**Assignment**:
Output the whole listing below exactly, omitting the images.

=== Supplied information ===

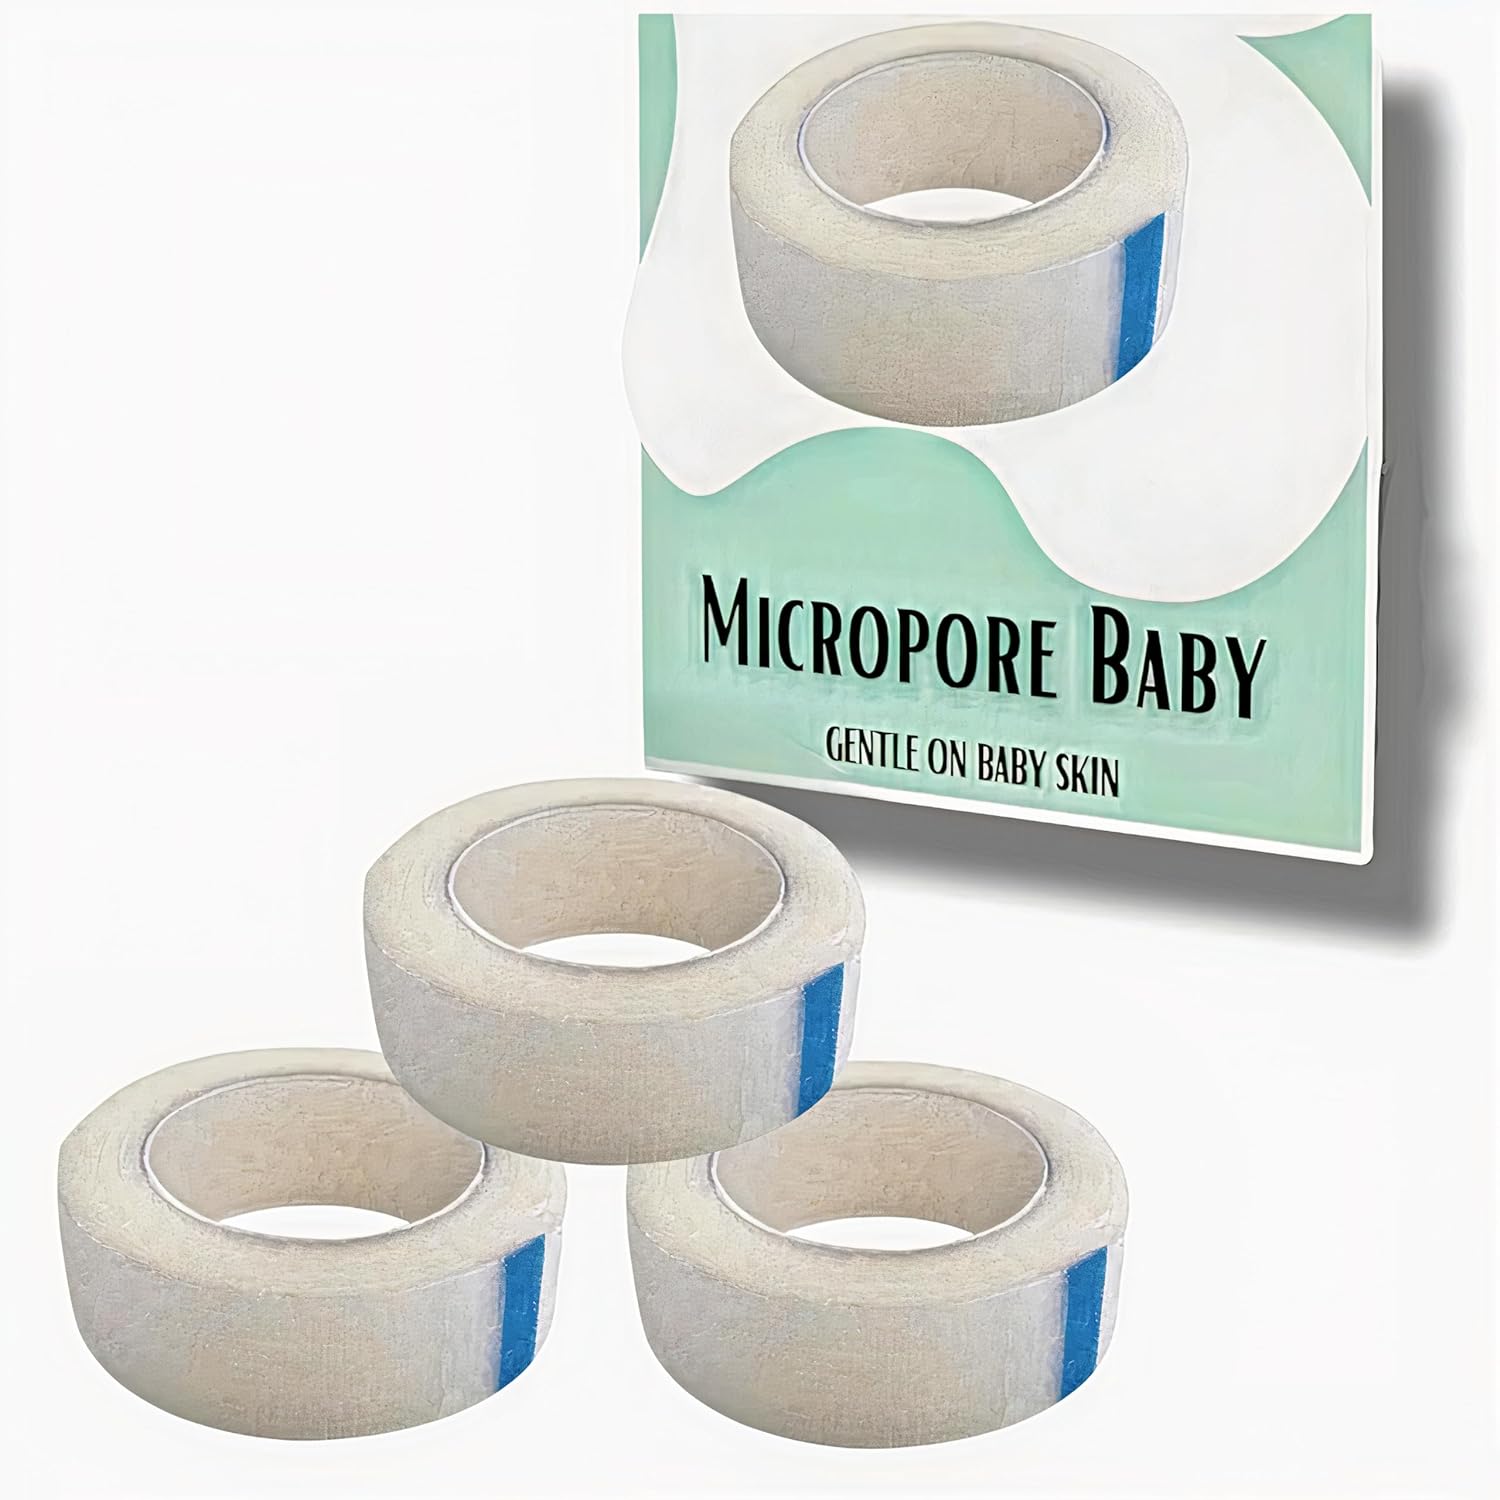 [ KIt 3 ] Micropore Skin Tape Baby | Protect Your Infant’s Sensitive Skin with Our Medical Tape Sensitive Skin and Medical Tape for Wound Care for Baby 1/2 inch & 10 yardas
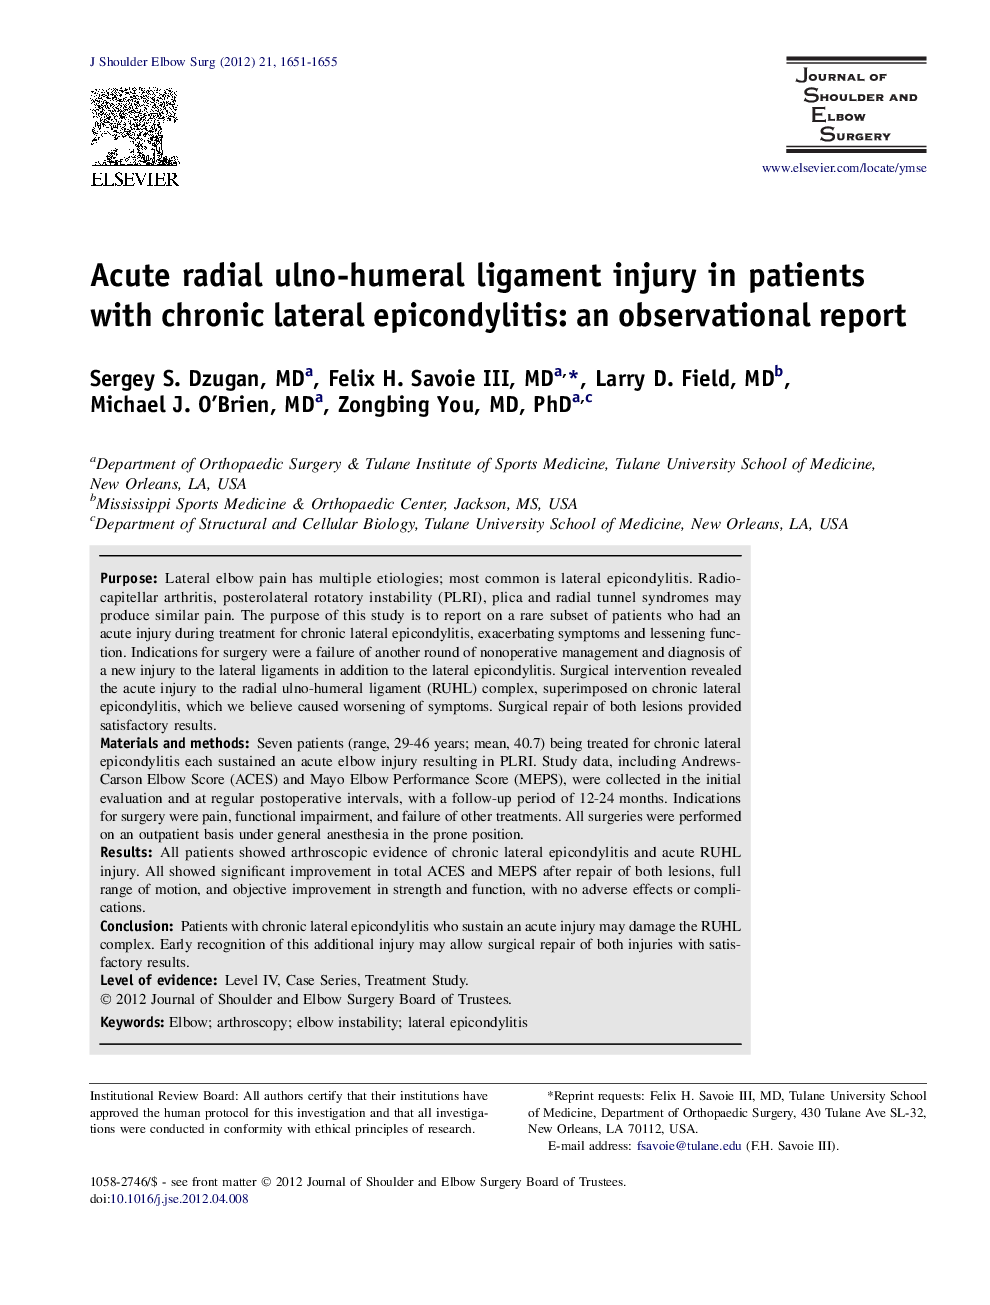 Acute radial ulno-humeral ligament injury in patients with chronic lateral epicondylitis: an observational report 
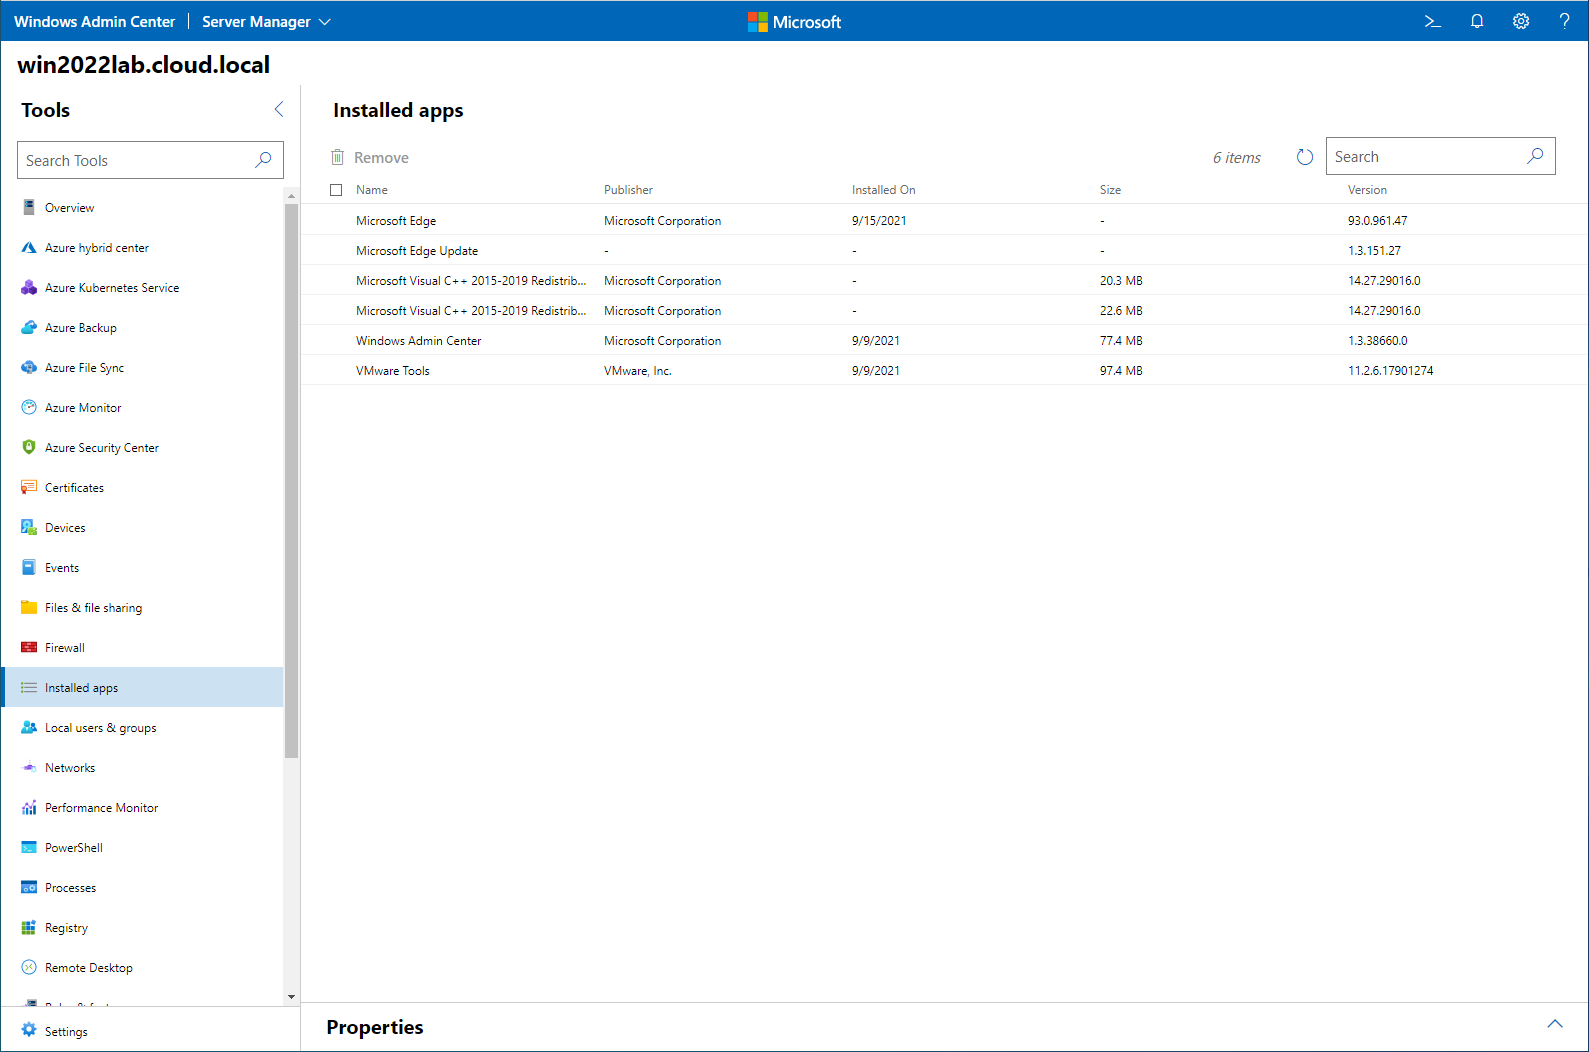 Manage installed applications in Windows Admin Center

===

**Task solution**:
 [ KIt 3 ] Micropore Skin Tape Baby | Protect Your Infant’s Sensitive Skin with Our Medical Tape Sensitive Skin and Medical Tape for Wound Care for Baby 1/2 inch & 10 yardas
 Acute radial ulno-humeral ligament injury in patients with chronic lateral epicondylitis: an observational report 
 Manage installed applications in Windows Admin Center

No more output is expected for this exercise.